Why We Can’t Let This All End In Tiers

Darren Young


Darren is one of the founders and Managing Director at GroSport and has worked for The Fan Experience Company since 2017. A UEFA Mentor, he has worked with clubs across Europe. More of this articles can be found in his weekly column on the D3D4 Football website. 

In December, when the second national lockdown ends and we revert to the tier-based system that was going so well, football fans have been given a tiny ray of hope that they might also be able to attend football games again before the year ends.

This will be limited to clubs based in low risk and infected tiers, and might also require visitors to provide proof of a negative Covid test (what could go wrong?), so the threshold will be extremely high and only a precious few fans might actually make the grade. But it’s definitely a forward step, or feels like one.

It feels too like the answer to the prayers of associations, leagues, clubs and fans alike.

But we mustn’t get carried away. While not pouring doubt all over any hint of positivity the way the scientific advisors do, it’s important to remember that having a limited number of fans back in stadiums is – while great – not going to make many, or any, of the bigger issues go away. Clubs are still losing money, and until stadiums are at or close to full capacity then the threats remain; outside of the Premier League at least.

Culture Secretary, Oliver Dowden said the ‘door was being opened a little bit’ but will the restrictions and an increase in the places in tier 3 make it less positive than it sounds?

This week also saw the government promise financial packages to several sports (excluding the Premier League and EFL) while they believe that an agreement can be reached so that football can take care of itself. But much of this money – be it from government or part of rescue packages – is in the form of loans or existing funds paid early. The money still has to be paid back.

What that really means is that, in the future, clubs will need to make enough to cover their running costs AND extra to pay back the money they will owe.
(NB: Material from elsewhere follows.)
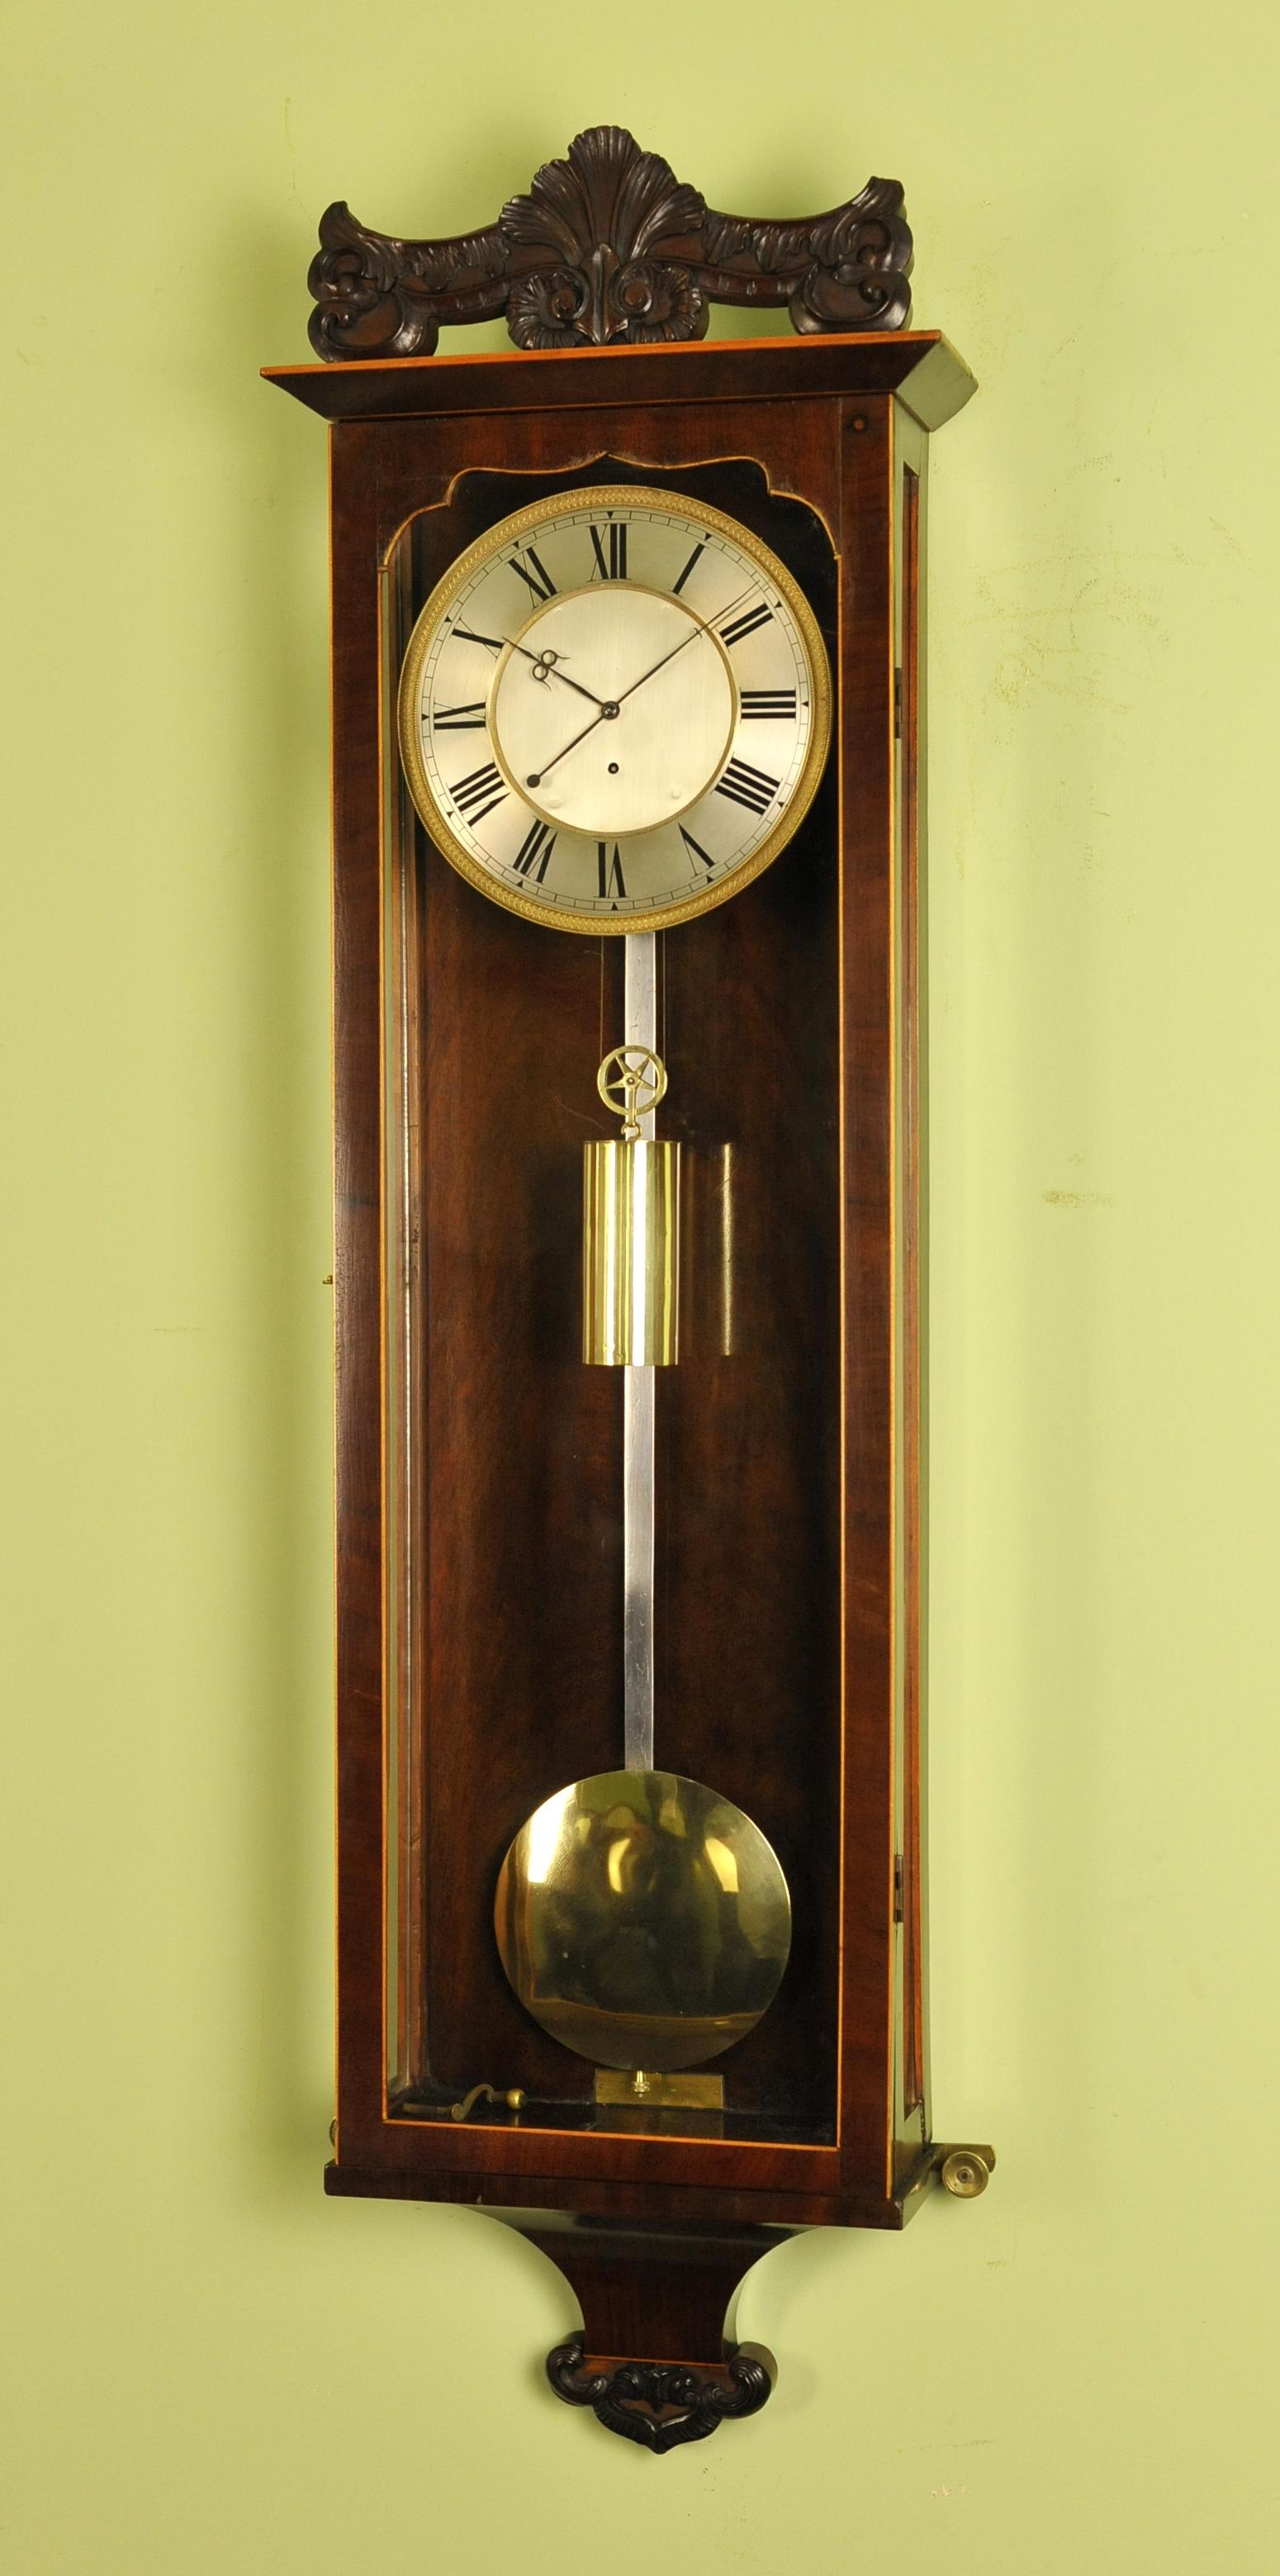 It is a pleasure to offer this very rare true Vienna regulator wall clock which has the feature of silk suspension which is something we have seen on only one other Vienna Regulator. It will date circa 1840
Austrian clocks such as this are entirely

But how will they do this?

Unless the funding is changed to grants, the only realistic way that they can pay it back is from sponsorship (but will sponsors have the money or the inclination to spend what they do have in that way?) or by getting fans back and in many cases, in higher numbers than they did before.

Again, how?

Price increases will be a non-starter. It will be seen as trying to cash in on the crisis. A lot of fans won’t have as much disposable income anyway but given that the experience inside stadiums will probably be less enjoyable than it used to be, there is more of an argument for ticket price reductions, that will further eat into profits.

The expectation is that there will be an initial surge when turnstiles reopen properly, as fans rush back after going so long without, but can it last.

After the novelty and excitement begins to wear off, and other factors such as financial constraints, safety fears, parental concern, away fans possibly not being allowed to travel etc, will come into play and if a proportion of fans have also simply found other things to do on Saturday afternoons, it’s likely that in the longer-term the attendance averages will fall rather than increase and maybe by as much as 10-20%.

Clubs will make the stadiums Covid-secure, of course, but that’s just half the battle. If the experience beyond the safety aspects is not a good one, then fans will wonder if it’s worth the bother. Add in the missed year of attracting new fans that clubs would ordinarily do. Where will this shortfall be made up?

Most averages attendances change very little year-on-year. This suggests that many clubs are either at capacity (a lucky few are) or that they are comfortable with the numbers they get. They work hard to achieve them rather than to grow them. Churn means they will bring in a few to replace a few.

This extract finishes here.